## [RAW DATA]
"""

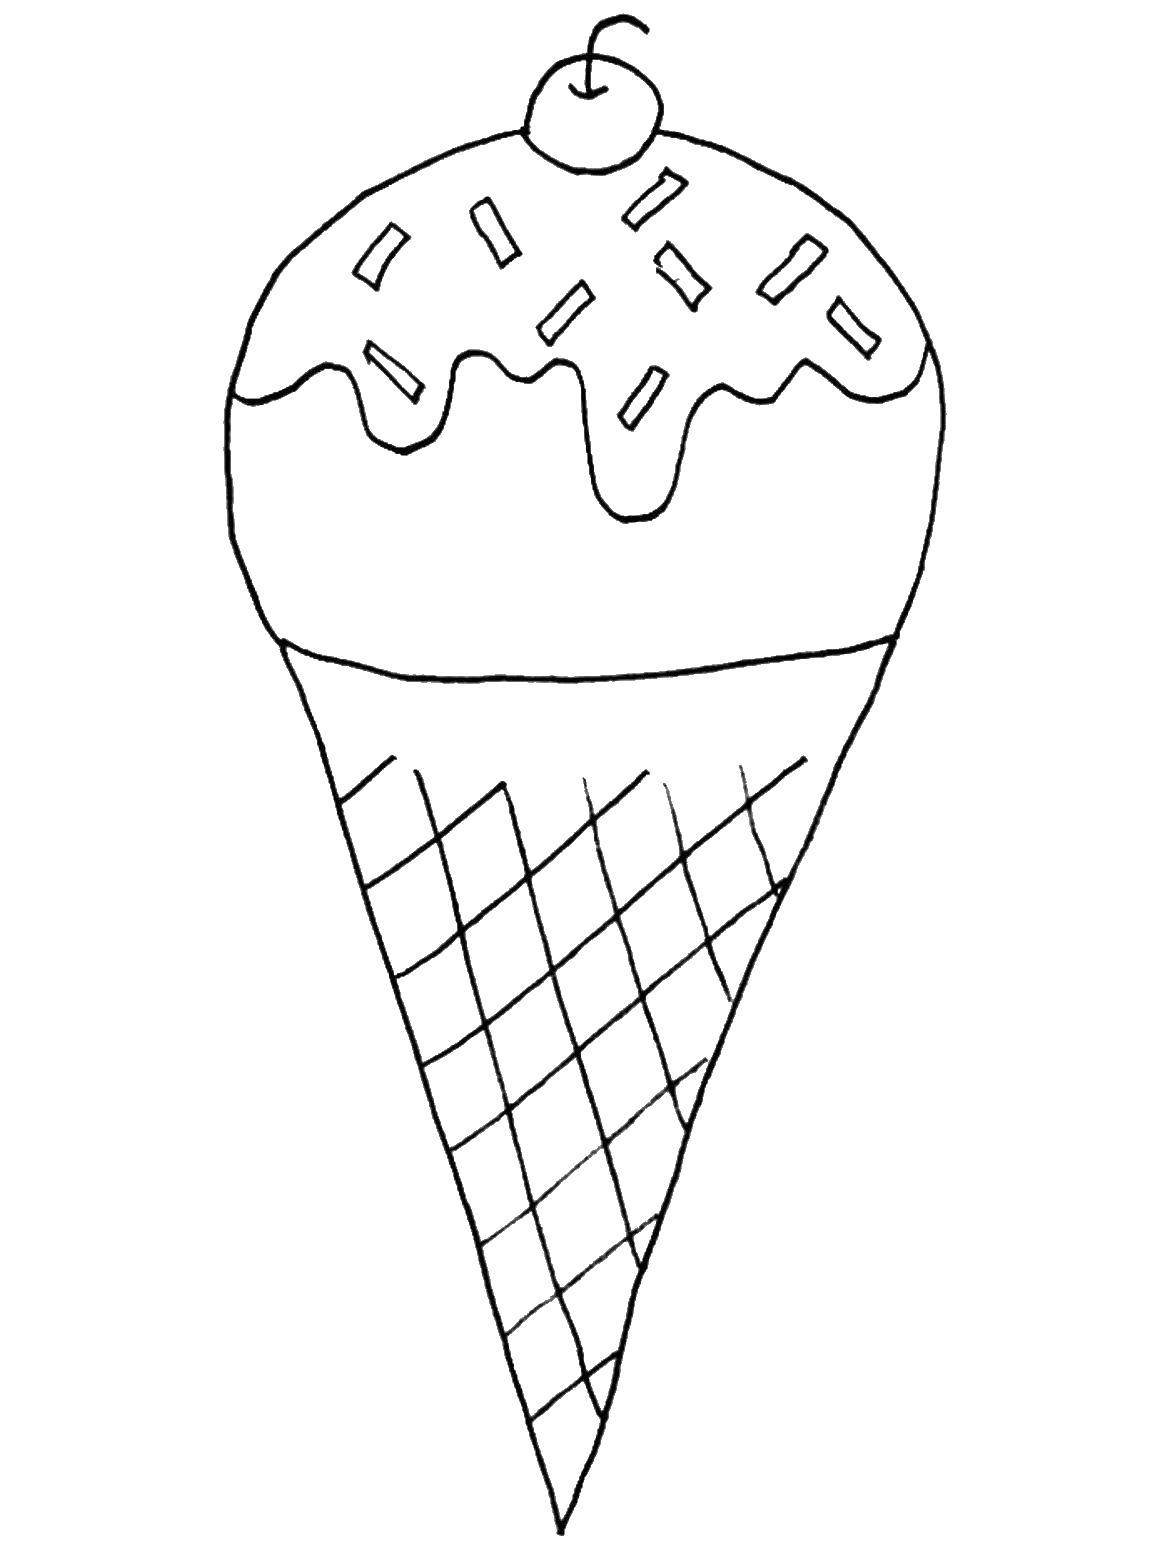 Название: Раскраска Мороженое с вишенкой. Категория: мороженое. Теги: мороженое, шариковое мороженое.
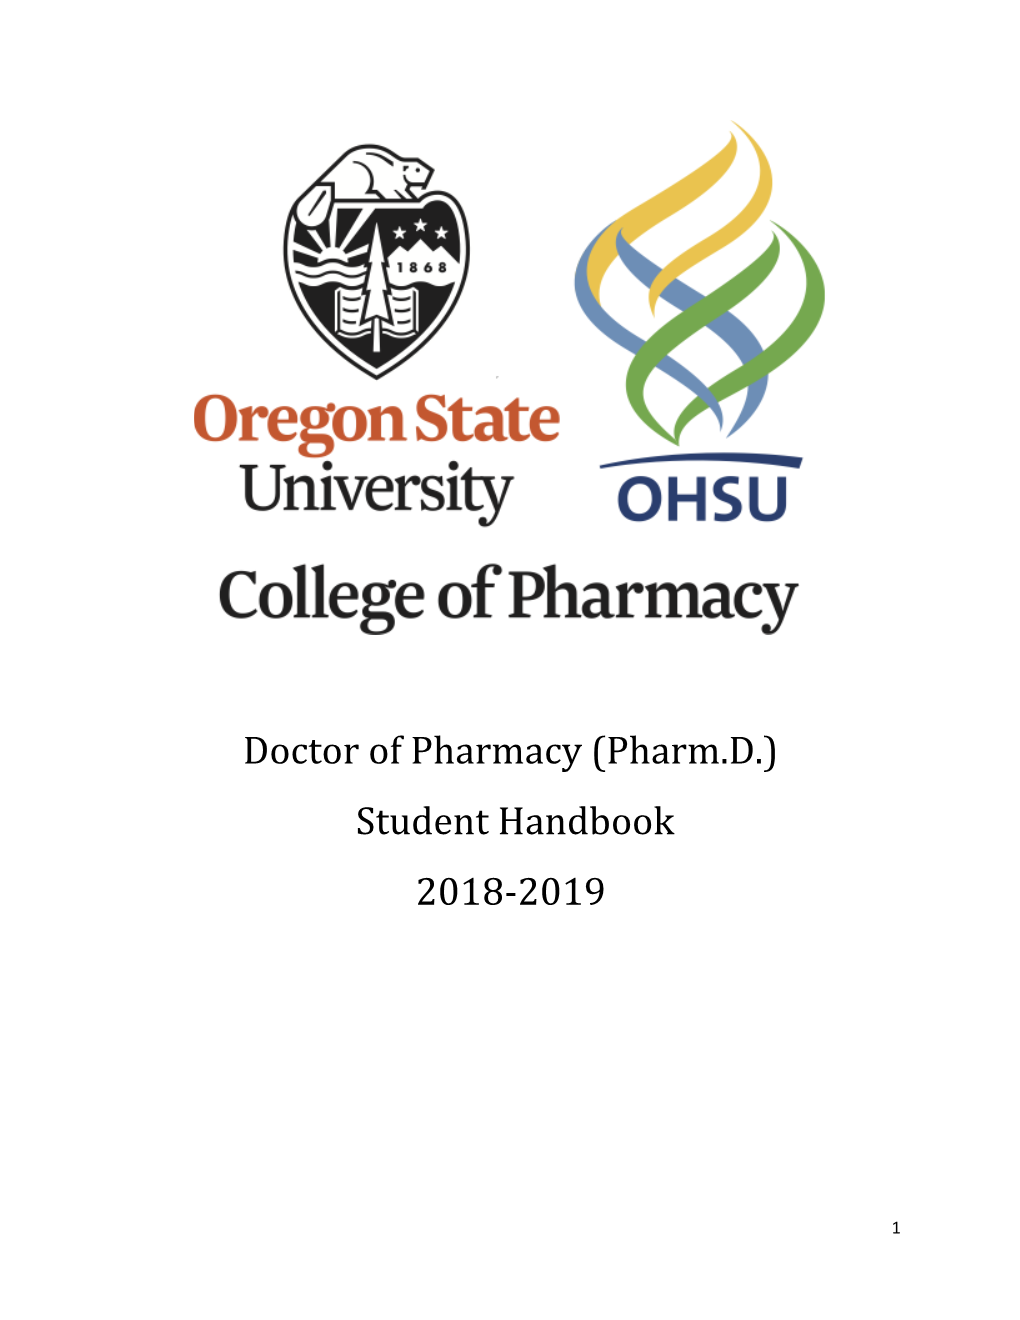 Doctor of Pharmacy (Pharm.D.) Student Handbook 2018-2019
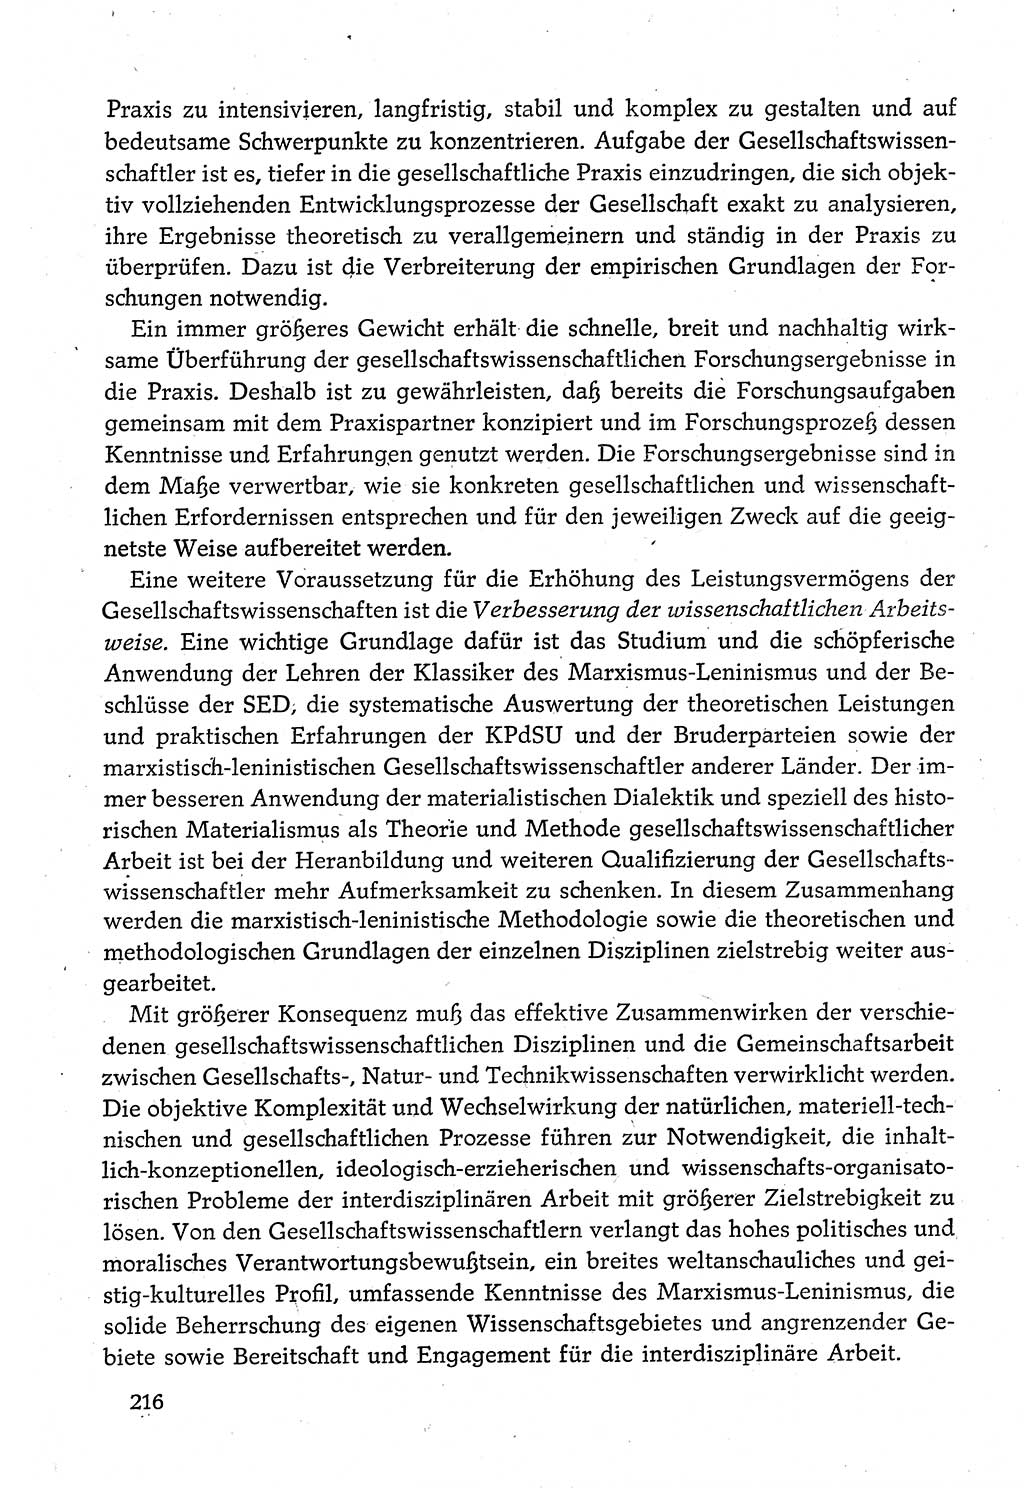 Dokumente der Sozialistischen Einheitspartei Deutschlands (SED) [Deutsche Demokratische Republik (DDR)] 1980-1981, Seite 216 (Dok. SED DDR 1980-1981, S. 216)

"""

## [DIRECTIONS]
Please ensure that the data above is repeated exactly, with no pictures in the copy.

## [TASK RESPONSE]
 Название: Раскраска Мороженое с вишенкой. Категория: мороженое. Теги: мороженое, шариковое мороженое.
 Doctor of Pharmacy (Pharm.D.) Student Handbook 2018-2019
 Dokumente der Sozialistischen Einheitspartei Deutschlands (SED) [Deutsche Demokratische Republik (DDR)] 1980-1981, Seite 216 (Dok. SED DDR 1980-1981, S. 216)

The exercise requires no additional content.